Computer scientists like Fei-Fei Li, the Stanford professor famous for inventing ImageNet, and Yann LeCun, Meta’s chief AI scientist, are building what they call “world models.”

Unlike large-language models, which determine outputs based on statistical relationships between words and phrases, world models predict events by mimicking the mental constructs that humans make of the world around them.

“Language doesn’t exist in nature,” Li said on a recent episode of Andreessen Horowitz’s a16z podcast. “Humans,” she said, “not only do we survive, live, and work, but we build civilization beyond language.”

Computer scientist and MIT professor, Jay Wright Forrester, in his 1971 paper “Counterintuitive Behavior of Social Systems,” explained why mental models are crucial to human behavior:

Each of us uses models constantly. Every person in private life and in business instinctively uses models for decision making. The mental images in one’s head about one’s surroundings are models. One’s head does not contain real families, businesses, cities, governments, or countries. One uses selected concepts and relationships to represent real systems. A mental image is a model. All decisions are taken on the basis of models. All laws are passed on the basis of models. All executive actions are taken on the basis of models. The question is not to use or ignore models. The question is only a choice among alternative models.

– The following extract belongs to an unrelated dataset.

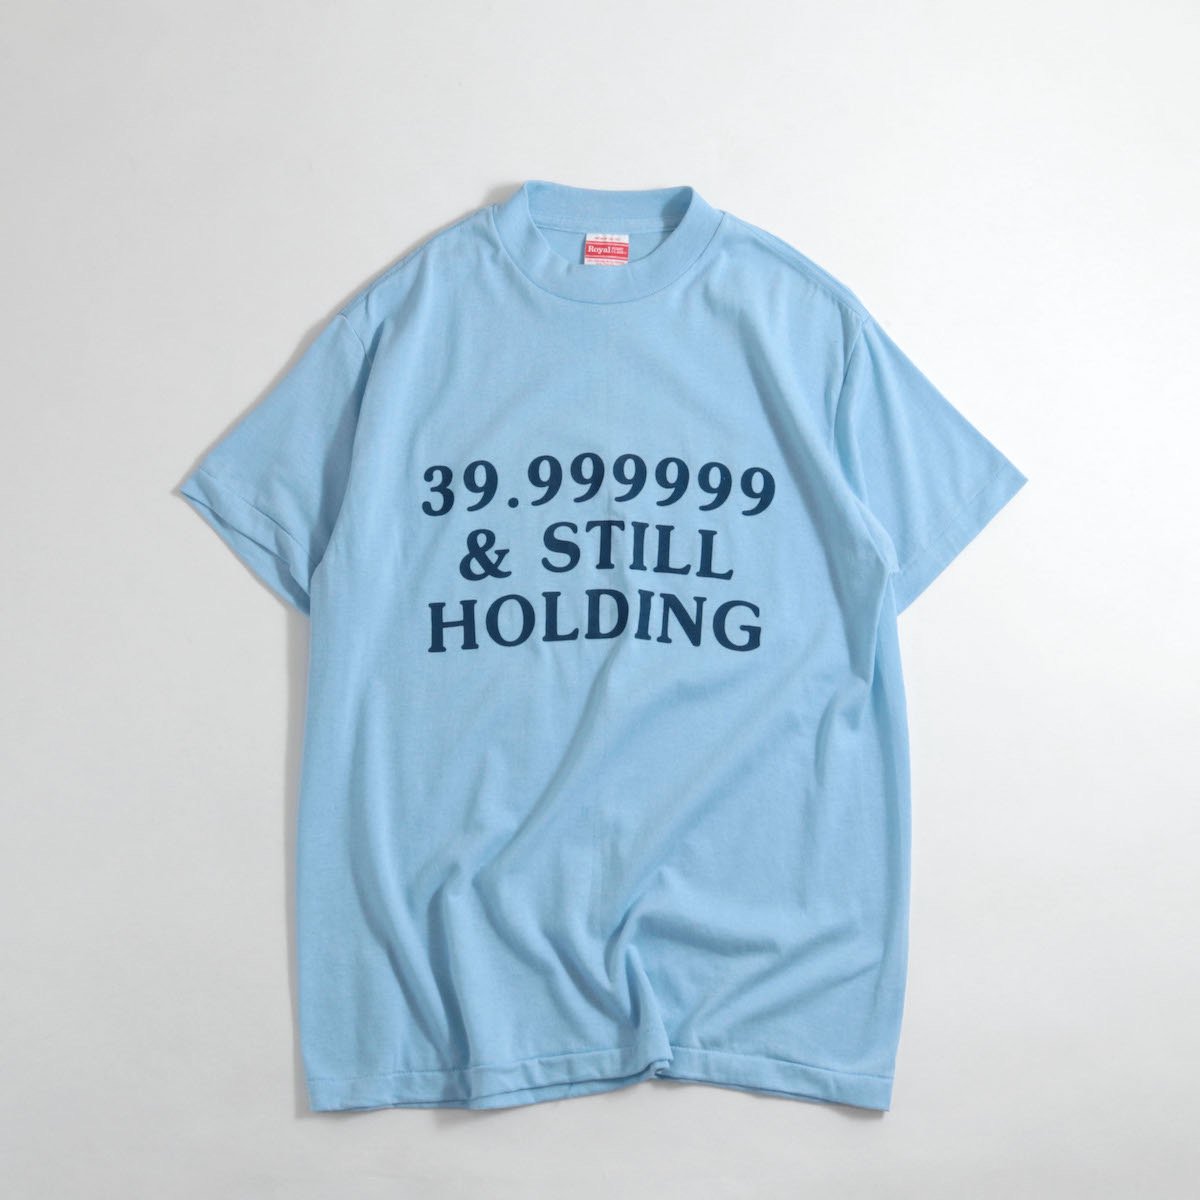 レディース] 1980s USA製 39.999999 プリントTシャツ ライトブルー

If AI is to meet or surpass human intelligence, then the researchers behind it believe it should be able to make mental models, too.

Li has been working on this through World Labs, which she cofounded in 2024 with an initial backing of $230 million from venture firms like Andreessen Horowitz, New Enterprise Associates, and Radical Ventures. “We aim to lift AI models from the 2D plane of pixels to full 3D worlds — both virtual and real — endowing them with spatial intelligence as rich as our own,” World Labs says on its website.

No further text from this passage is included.